Conference: AAAI 2026 arXiv: 2412.18890 Code: Available Area: LLM/NLP Keywords: Symbolic Regression, LLM-based Evolutionary Search, Knowledge Library, Open-ended Innovation, Multi-representation Space

TL;DR

This paper proposes CoEvo, a framework that integrates LLMs with evolutionary search methodology to achieve continual open-ended evolution of symbolic solutions through a dynamic knowledge library and multi-representation spaces (natural language / mathematical formulas / code), significantly outperforming existing symbolic regression methods on the AI Feynman benchmark.

Background & Motivation

The discovery of symbolic solutions — mathematical expressions, logical rules, algorithmic structures — is foundational to scientific and engineering progress. However, existing approaches face two major bottlenecks:

Traditional methods (evolutionary algorithms such as PySR, deep learning methods such as NeSymReS): low search efficiency, difficulty integrating knowledge effectively.
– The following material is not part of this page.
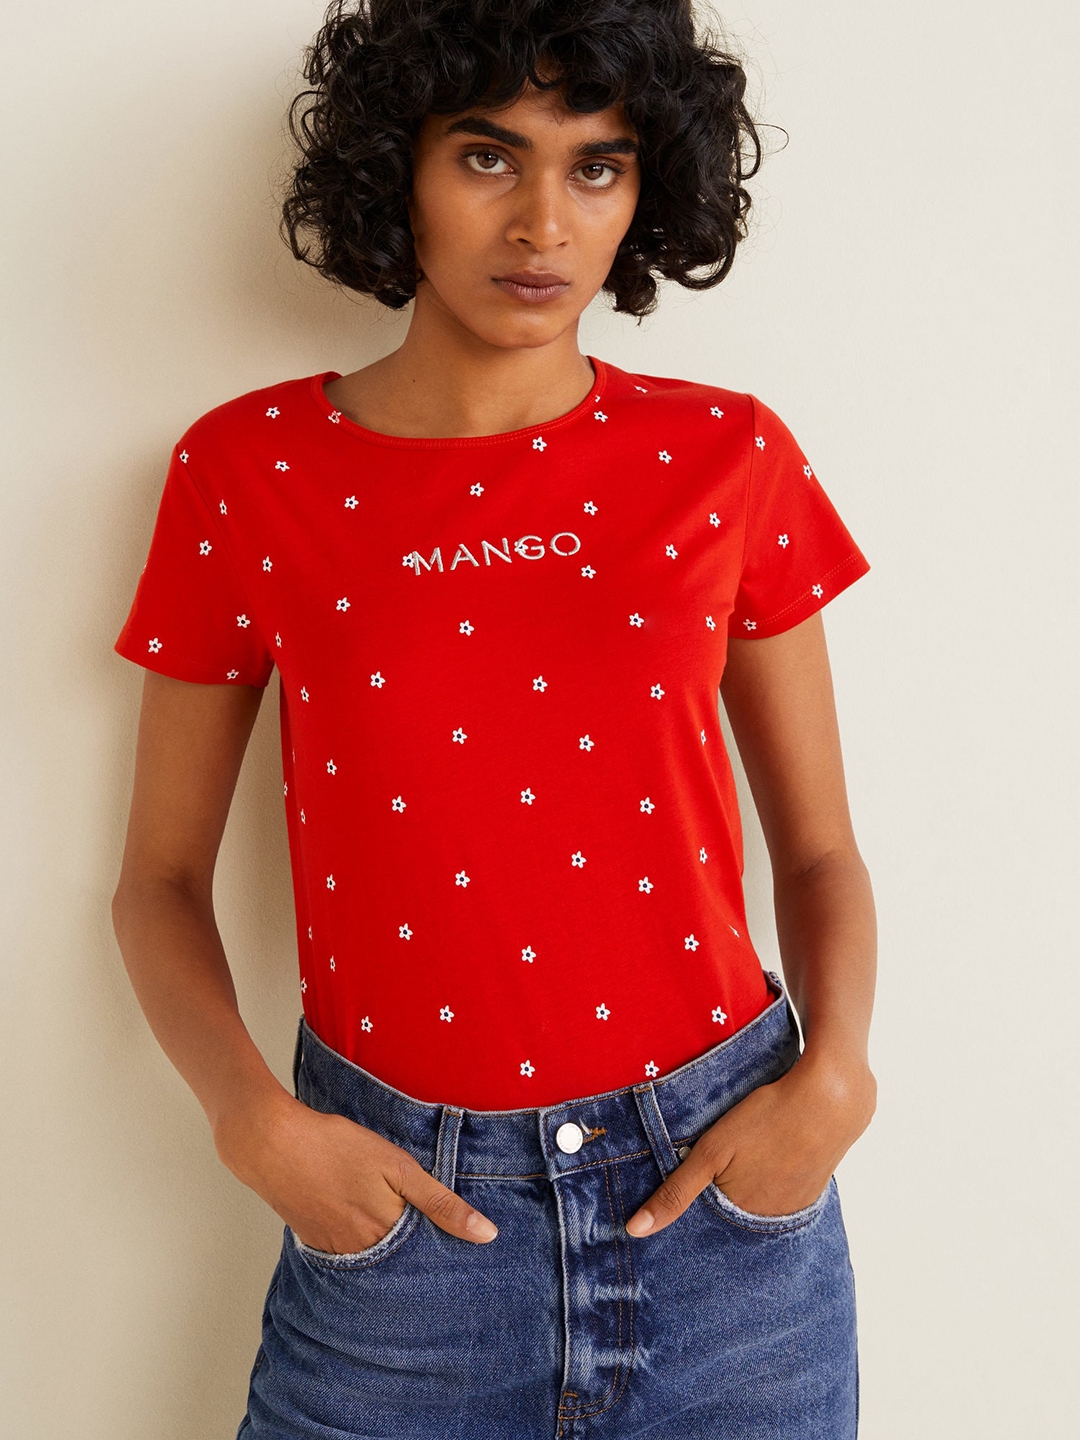 anker Illustrer at tilbagetrække Buy MANGO Women Red Printed Round Neck T Shirt - Tshirts for Women 8675777  | Myntra

LLM-based methods (FunSearch, LLM-SR): improved search efficiency, but lack the ability to continuously refine and extend discovered solutions and their underlying knowledge, limiting open-ended innovation.

Core problem: Can LLMs not only reuse existing knowledge but also discover new knowledge and evolve continuously?

CoEvo's vision: to define the discovery of symbolic solutions as a lifelong, iterative process — analogous to human scientific exploration — where solutions and foundational knowledge co-evolve.

Method

Overall Architecture

CoEvo consists of three core components:

CoEvo Framework
├── Idea Tree-based Solution Generation
│   ├── Step 1: Inspiring
│   ├── Step 2: Thinking
│   └── Step 3: Solving
├── Evolutionary Search
│   ├── Initialization
│   ├── Crossover (Positive / Negative)
│   ├── Mutation (Positive / Negative)
│   └── Population Update (Elitism)
└── Knowledge Library (Dynamic)
    ├── Summarization
    ├── Management (Clustering & Deduplication)
    └── Reuse (Random / Similarity-based)

Key Designs

1. Idea Tree-based Solution Generation

This component simulates a three-step human problem-solving process:

Step Human Analogy LLM Operation Purpose
Inspiring Obtaining initial inspiration Retrieve relevant ideas from the knowledge library Stimulate diversity
Thinking In-depth reasoning Iteratively refine ideas based on evaluator feedback Improve quality
Solving Output solution Generate solutions in multiple formats Explore multiple spaces

Tree structure: starting from \(N_0\) root ideas, each layer evolves \(N_k\) ideas based on the parent ideas and evaluator feedback. Unlike the exhaustive branching of Tree-of-Thought, a constrained network structure is adopted to avoid exponential computational overhead.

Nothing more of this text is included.